Excessive? Yes. I have an extremely addictive personality, a trait that played a great part in anorexia gaining full control over my entire existence. I was addicted to losing weight. I was addicted to destroying myself. My addictive personality was instrumental in the self destruction that caused me to attempt to take my own life. However, it is also my addictive personality that drives my determination towards recovery. If I can find something that invokes such strong feelings within me that aren't destructive, be it theatre, art, books, music... I will indulge myself, I will allow myself to be exposed to something hopeful and positive time and time again, because I know of what the alternatives to not feeling them are. 

For me right now, a musical is one of many, many things that are aiding my recovery and allowing me to rediscover parts of myself that have remained buried under years of depression and self loathing.

I have never underestimated the ability a text, a piece of music, or a group of people, can have on helping people rebuild themselves. Art has the ability to transcend whatever boundaries or walls we build within ourselves, and connect our souls to something.

I have been introduced to not just some incredibly talented, but also some incredibly kind people through this particular piece of theatre. People who have given me hope that there is a "light at the end of the tunnel" and also that there are some remarkable acts of compassion out there, and also people who emit a tremendous amount of kindness into the world.
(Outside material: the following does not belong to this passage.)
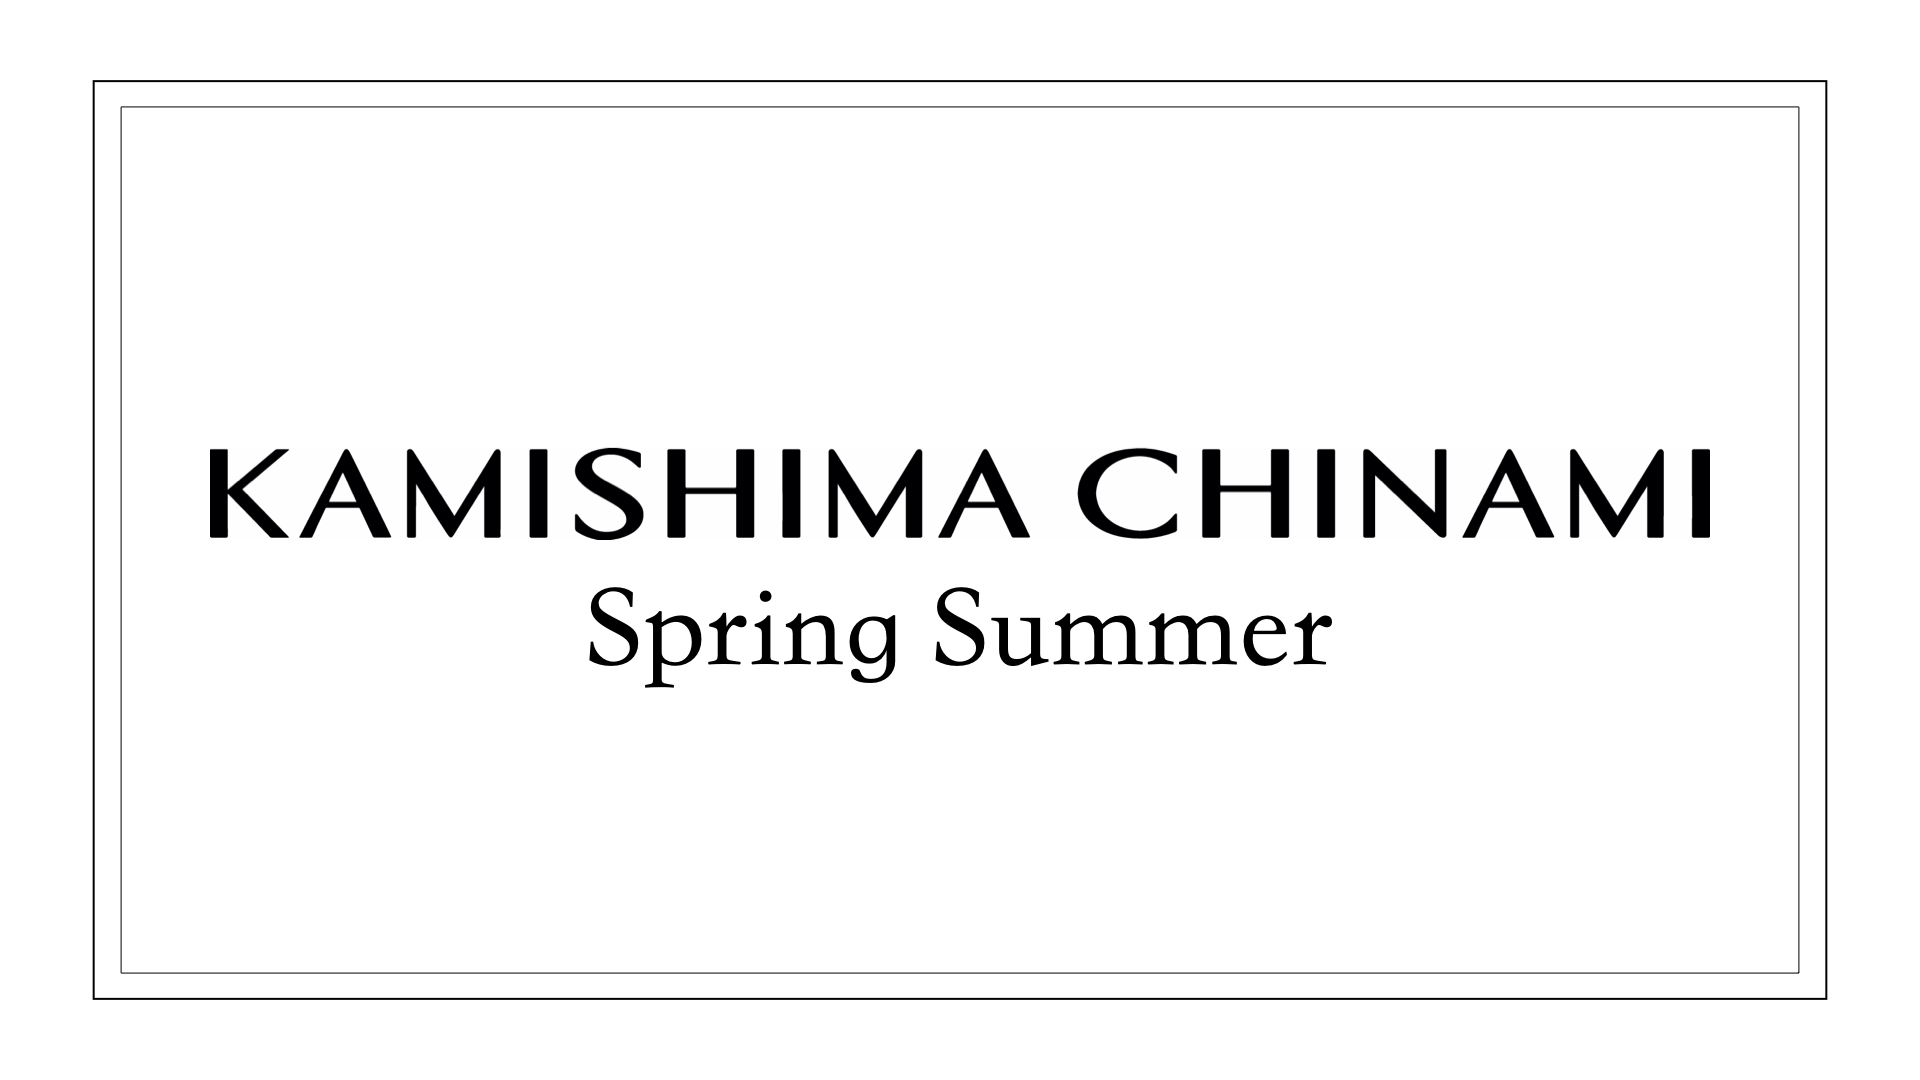 KAMISHIMA CHINAMI Spring Summer

Acts of which I was certain didn't exist in my world and that I had no hope for and no belief that I deserved them

I didn't ask or search for the adjustments to my core beliefs that have occurred over the last few months, but they came along at the perfect time and helped get me through something that I didn't ever see there being a way out of. 

We can just stumble across fortunate accidents, little serendipitous acts can come from nowhere, change the course of our lives and irrevocably alter us for the better.

I need to keep remembering that I can allow myself to hope. I can allow myself to believe that things can and will get better, because they can, and they will.